Universal Studios9. M3GAN 2.0
Why does M3GAN 2.0 crash? When M3GAN was released three years ago, it was a hit: The killer robot, with its long hair and pretty dress, was clearly designed to be a Halloween costume, and a clip of the Model 3 Geneative Android’s sinister dance routine went viral. All director Gerard Johnston had to do was make more of the same, and he could watch the money roll in. The flaw was that he decided not to offer more of the same. While both films could be described as sci-fi satires, M3GAN was a suburban thriller, and the sequel was a sprawling geopolitical thriller. M3GAN 2.0, on its own terms, was a lot of fun – but sometimes you have to give people what they want. “We all thought M3GAN was like Superman. We could do anything to it,” the film’s producer, Jason Blum, said on The Town podcast. “We can change genres. We can put it in summer. We can make it look different. We can turn it from a bad guy to a good guy.
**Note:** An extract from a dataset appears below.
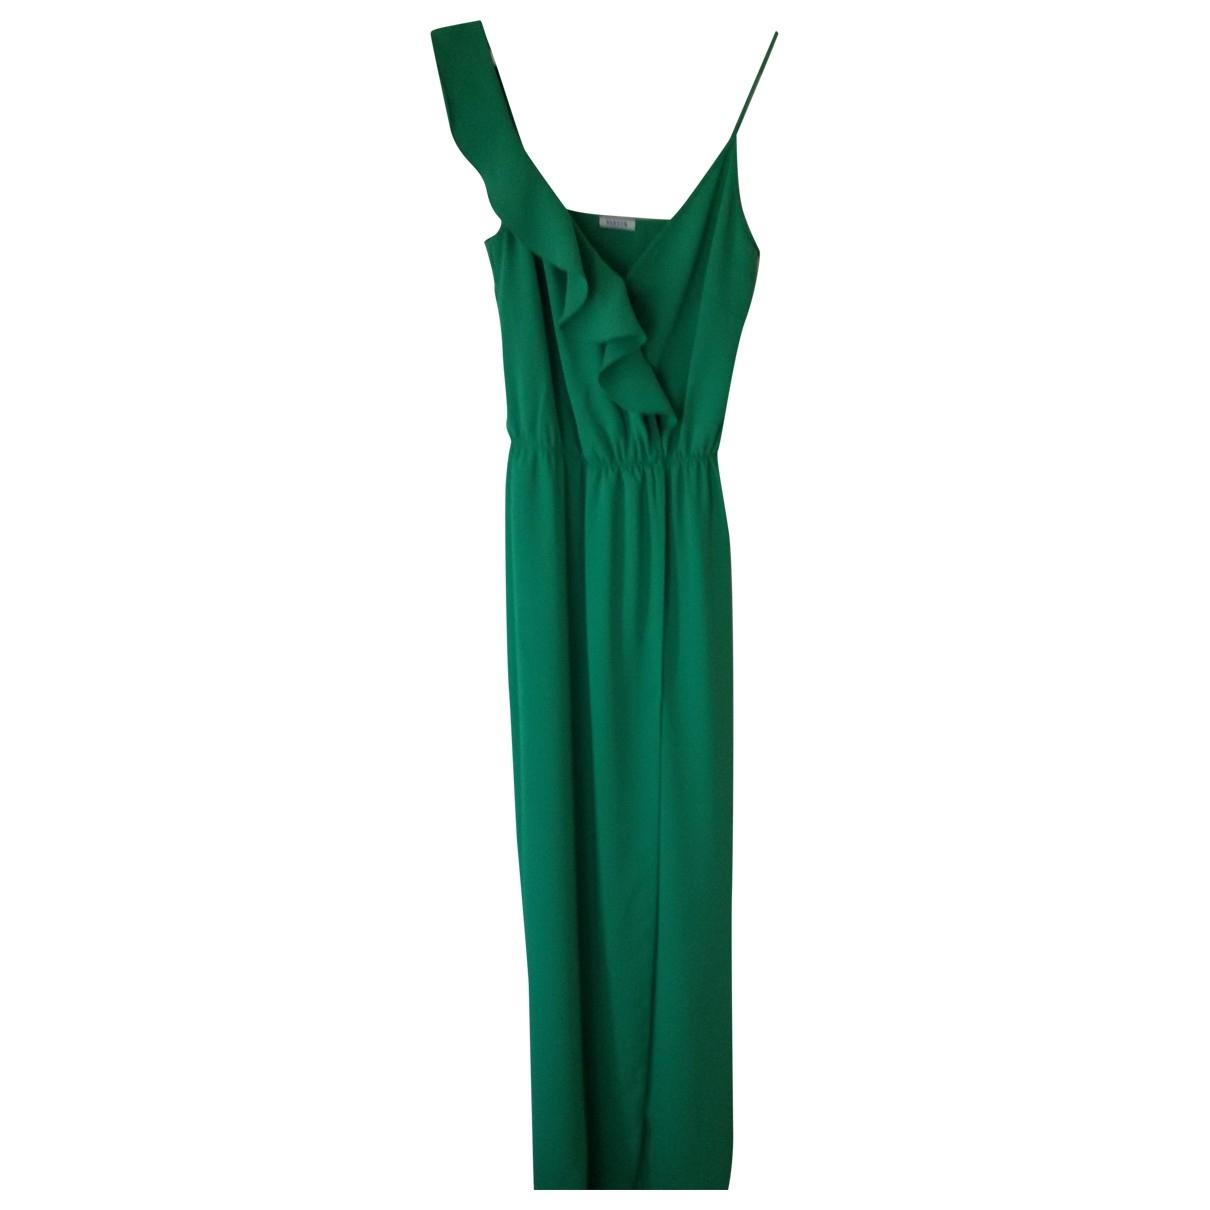 Parosh \N Green dress for Women 42 IT

And we’ve classically overthought how strongly people will react to it.”
A2410. The broken machine
Dwayne Johnson has been one of the world’s biggest movie stars for more than a decade, both literally and figuratively, but there comes a time when every commercial titan wants to prove that he can present himself as a serious dramatic actor, too. And so The Rock made his Oscar bid — or at least an Oscar nomination — by starring in The Smashing Machine. All signs were promising, as Johnson had an established co-star (Emily Blunt), an established director (Benny Safdie, who directed Good Time and Uncut Gems with his brother Josh), and a true story about a mixed martial artist struggling with addiction. The problem was that Johnson wasn’t flexing many acting muscles that he hadn’t flexed before: he was a charismatic wrestler playing a charismatic wrestler. The only major difference from his previous work was that The Smashing Machine was depressing – and no one goes to see a movie starring The Rock because they want to feel depressed. However, you couldn’t help but feel sorry for the director. His brother directed another biographical sports movie, Marty Supreme, starring Timothée Chalamet, and it received all the acclaim that The Smashing Machine didn’t go to.